═══ Information provided

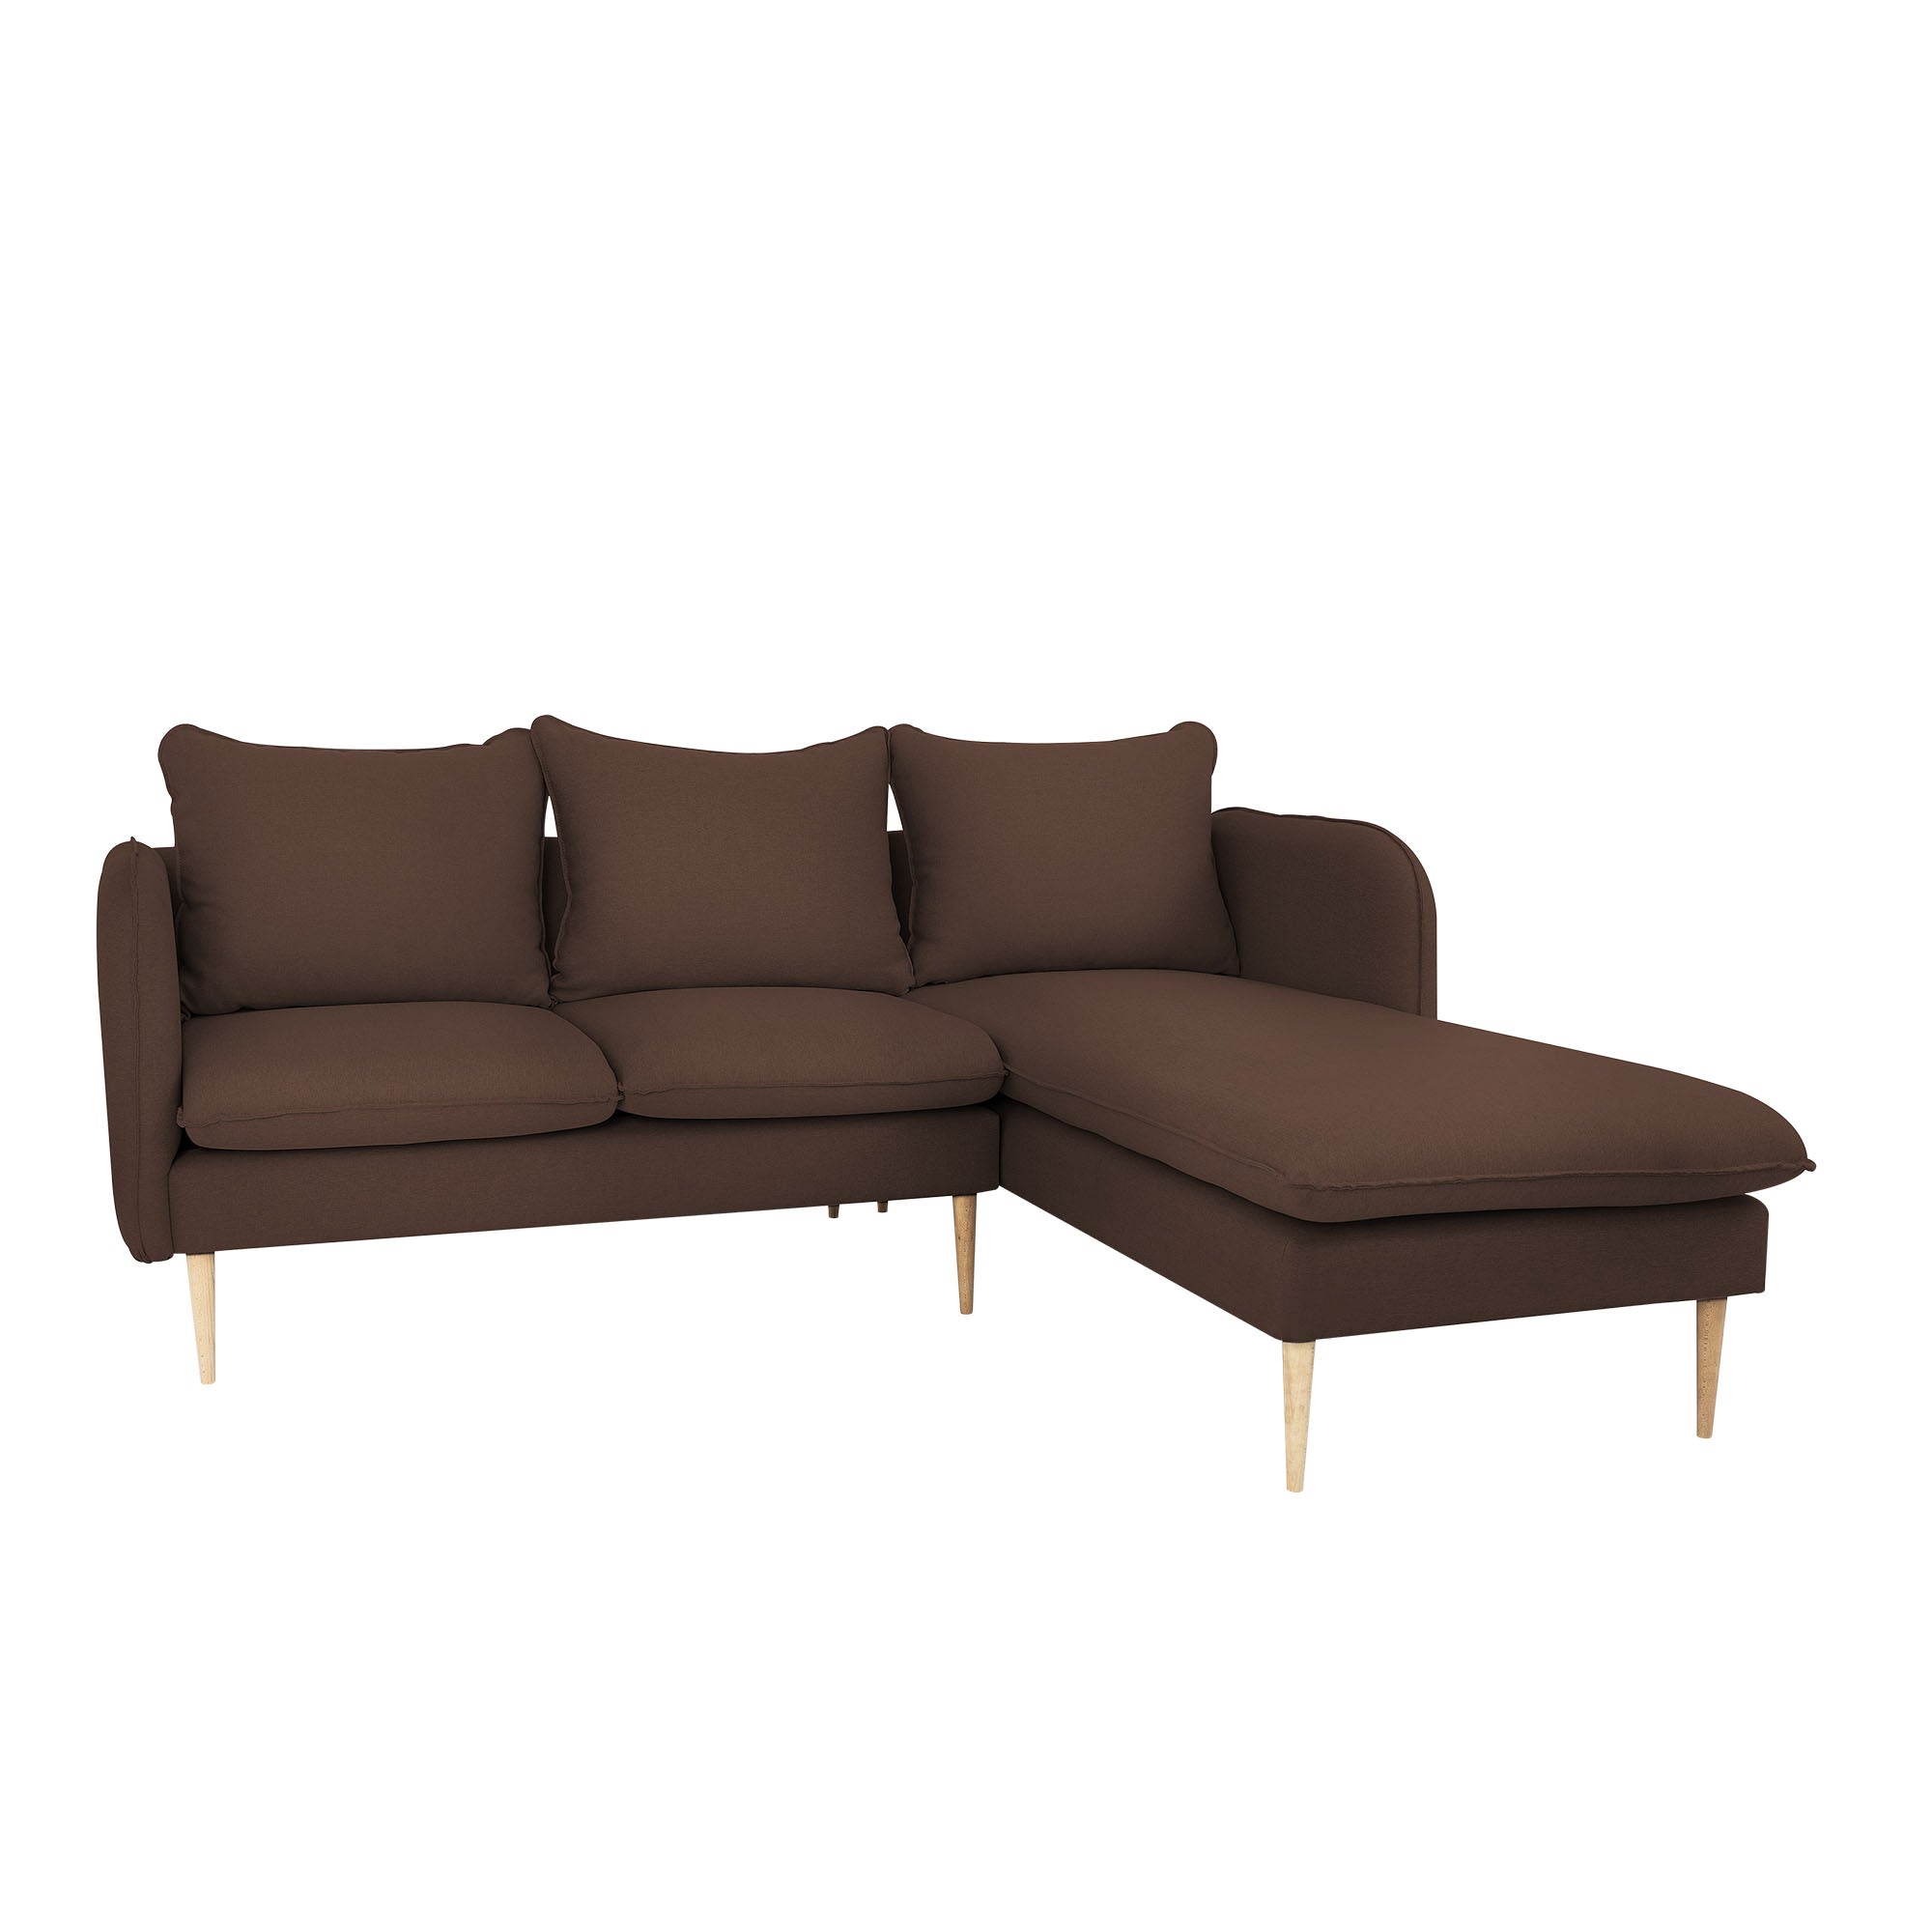 POSH WOOD Corner Sofa Right upholstery colour brown
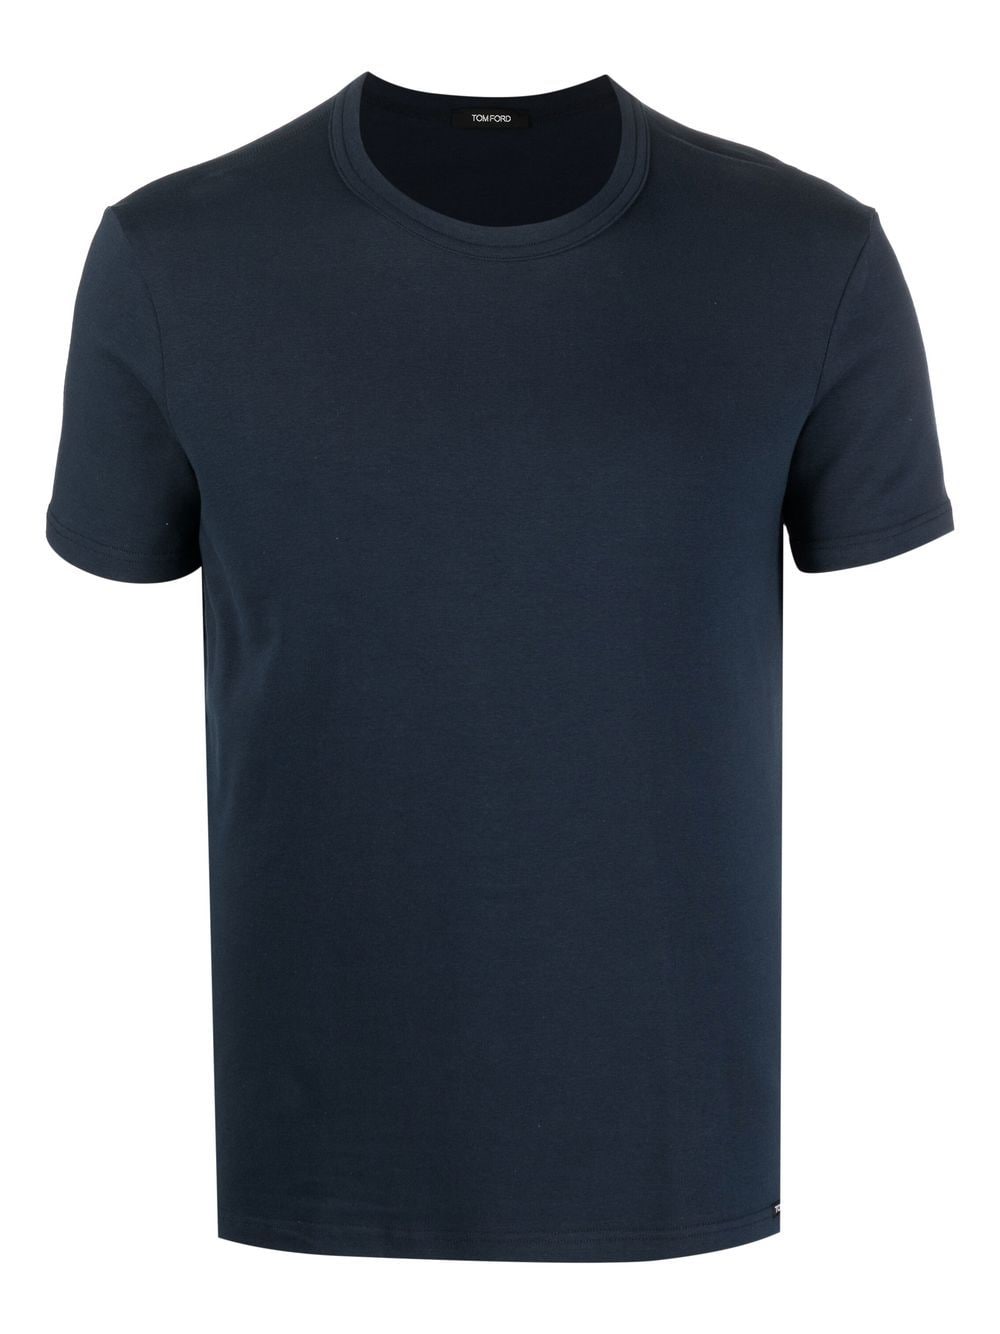 Image 1 of TOM FORD T-shirt girocollo
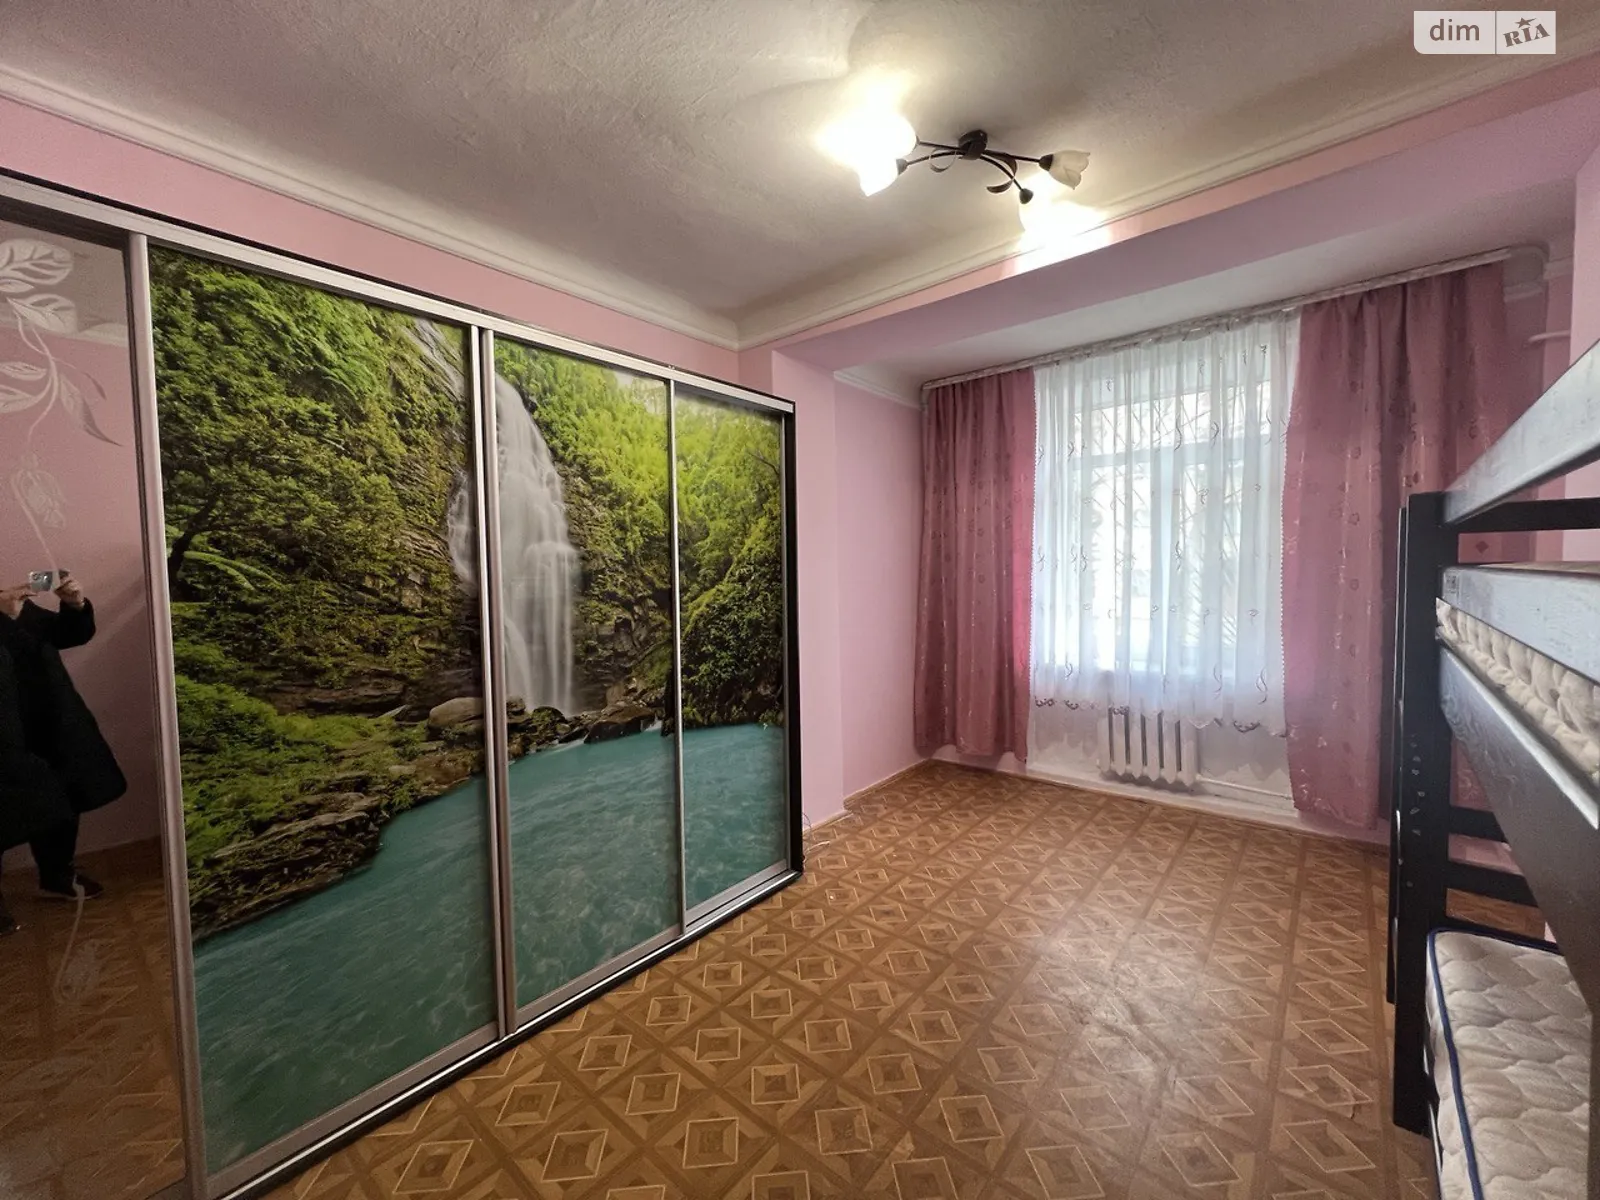 Сдается в аренду комната 20 кв. м в Тернополе, цена: 3000 грн

══════

* _Exercise objective_: Reproduce the whole listing above character for character; pictures do not belong in it.

* _Response to this exercise_:
 POSH WOOD Corner Sofa Right upholstery colour brown
 Image 1 of TOM FORD T-shirt girocollo
 Сдается в аренду комната 20 кв. м в Тернополе, цена: 3000 грн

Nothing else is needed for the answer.